Robust Self-Testing of Multiparticle Entanglement

TL;DR

This paper presents the first robust self-testing method for multi-photon entangled states, certifying genuine four-photon entanglement using input-output statistics with high fidelity in a device-independent way.

Contribution

It introduces a novel robust self-testing approach for multi-photon entangled states, extending device-independent certification to more complex quantum systems.

Findings

Successfully certified four-photon GHZ states with 95.7% fidelity.

Successfully certified four-photon linear cluster states with 94.5% fidelity.

Demonstrated robustness of self-testing against realistic noise conditions.

Abstract

Quantum self-testing is a device-independent way to certify quantum states and measurements using only the input-output statistics, with minimal assumptions about the quantum devices. Because of the high demand on tolerable noise, however, experimental self-testing was limited to two-photon systems.
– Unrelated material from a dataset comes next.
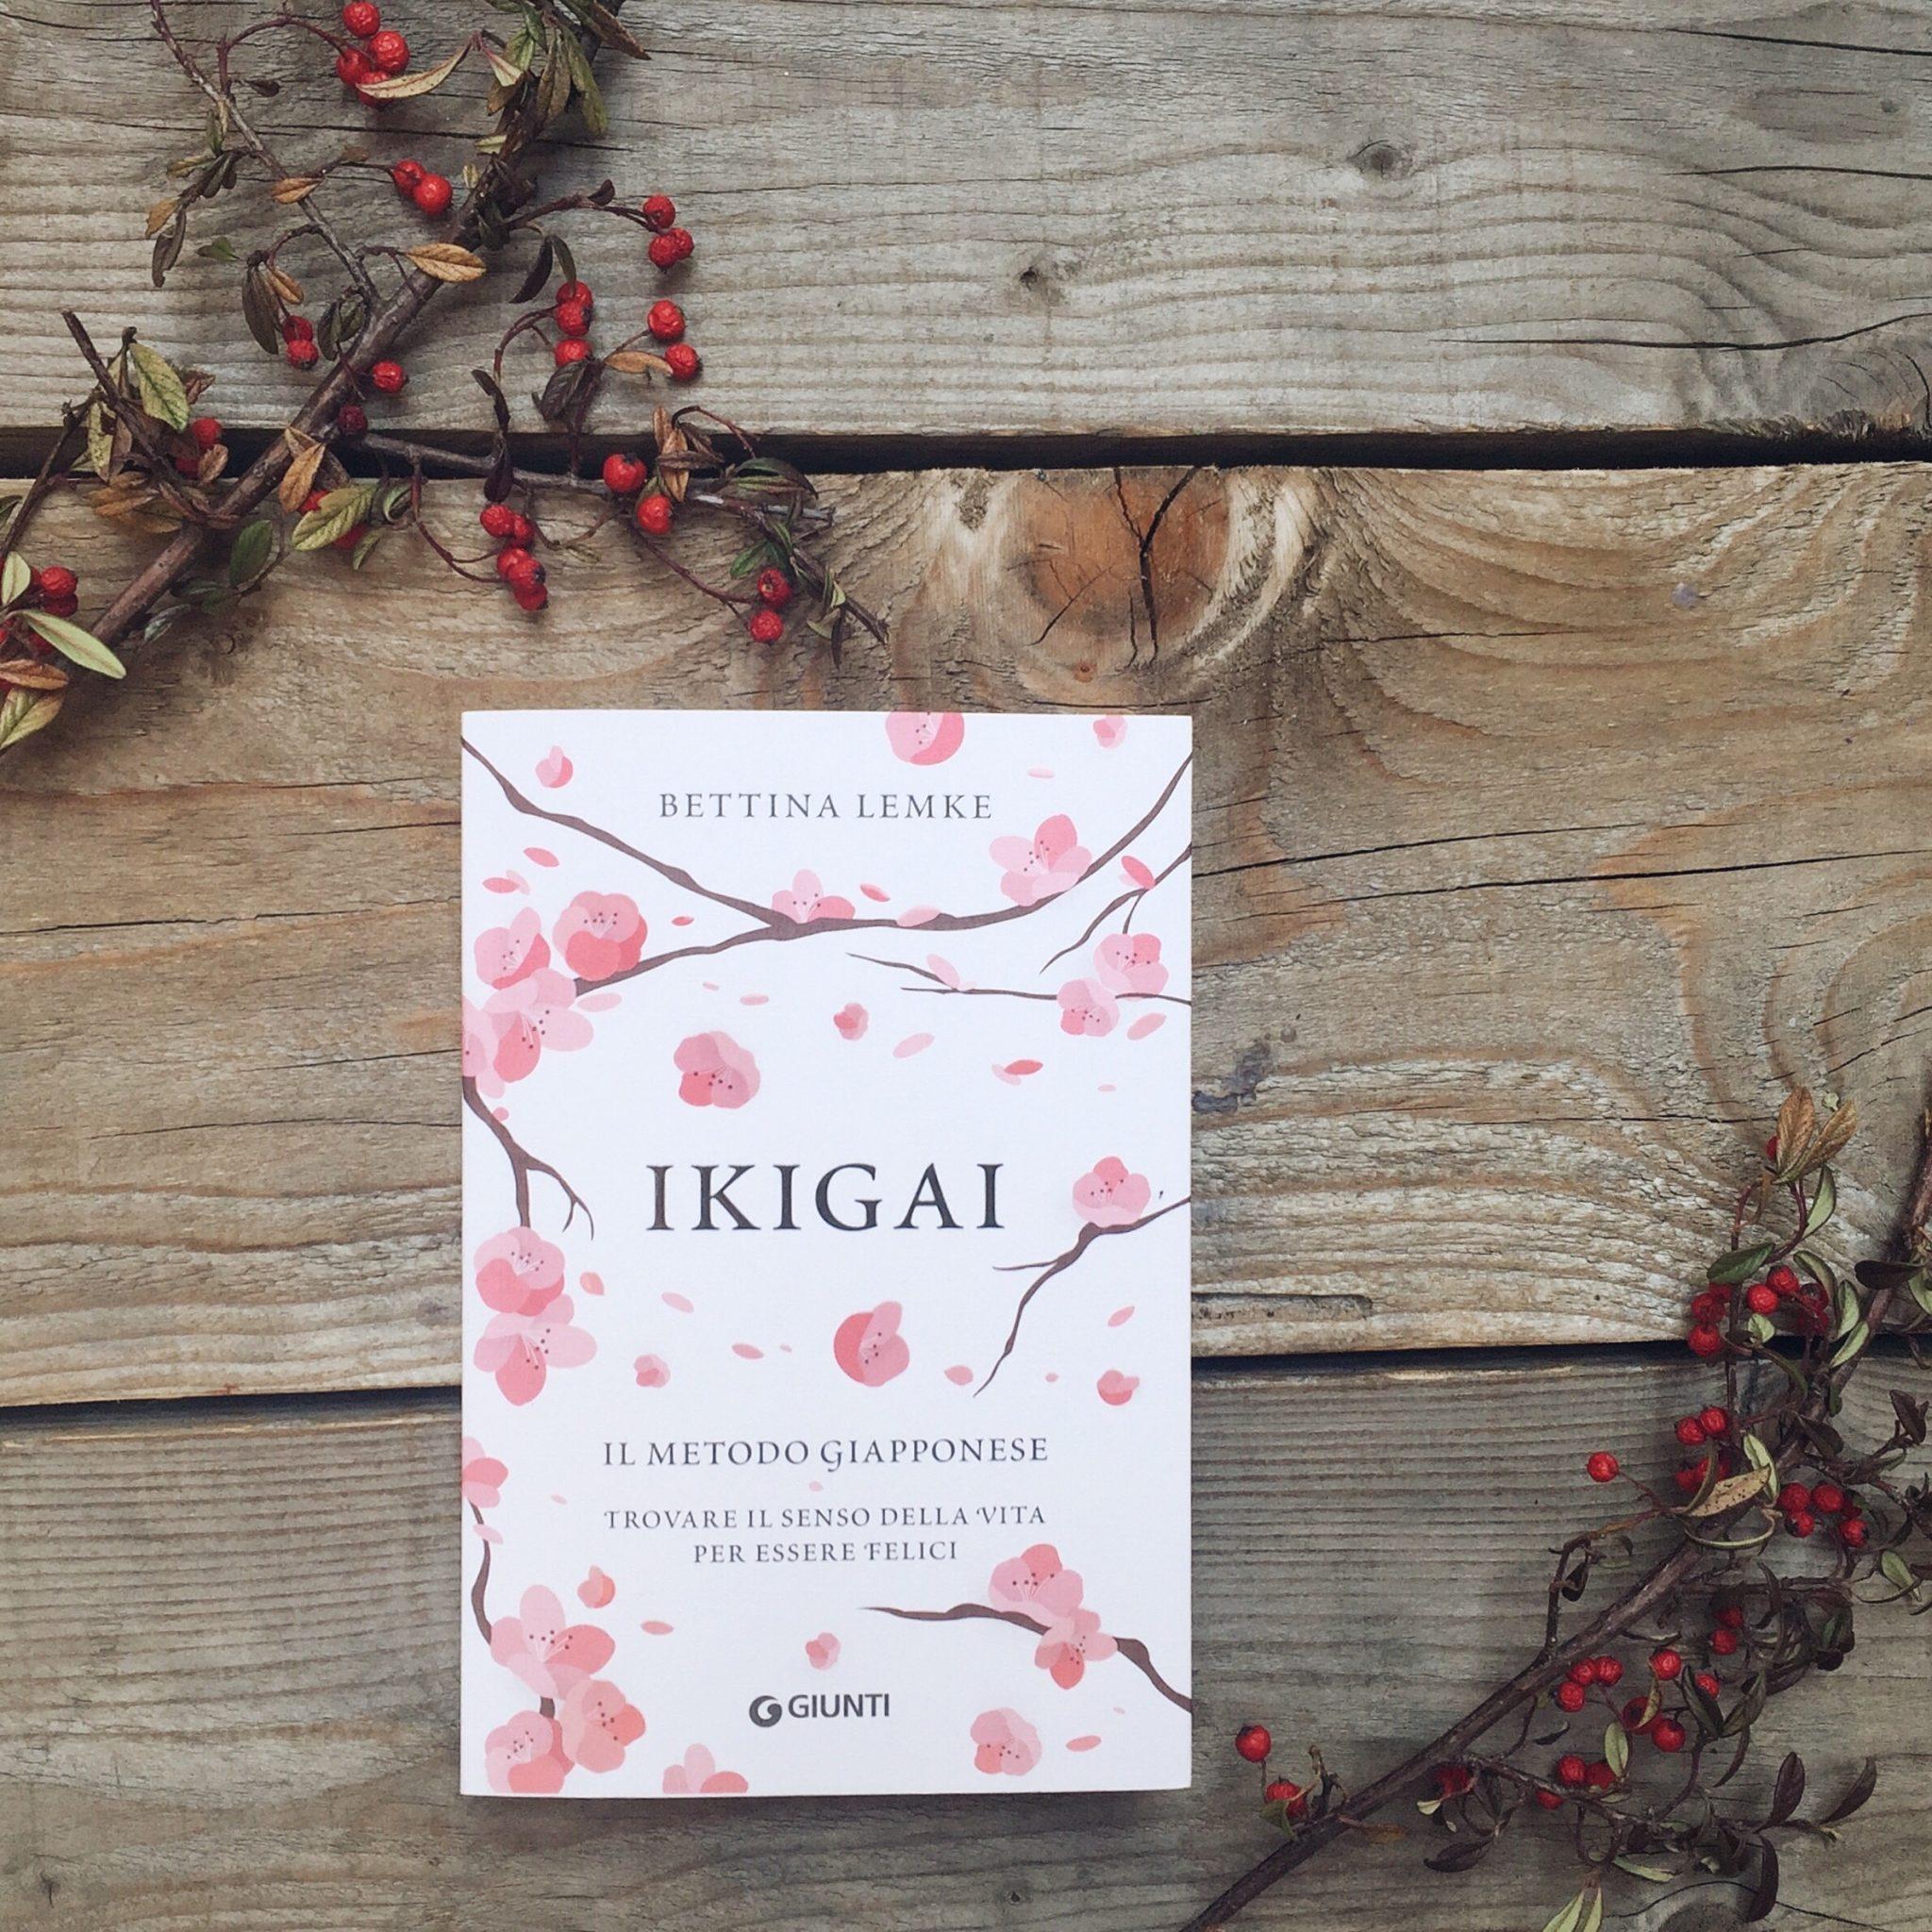 Ikigai - libro di Bettina Lemke in italiano Giunti Editore appoggiato su delle assi accanto a bacche rosse - tatianaberlaffa.com

Here, we demonstrate the first robust self-testing for multi-photon genuinely entangled quantum states. We prepare two examples of four-photon graph states, the Greenberger-Horne-Zeilinger (GHZ) states with a fidelity of 0.957(2) and the linear cluster states with a fidelity of 0.945(2). Based on the observed input-output statistics, we certify the genuine four-photon entanglement and further estimate their qualities with respect to realistic noise in a device-independent manner.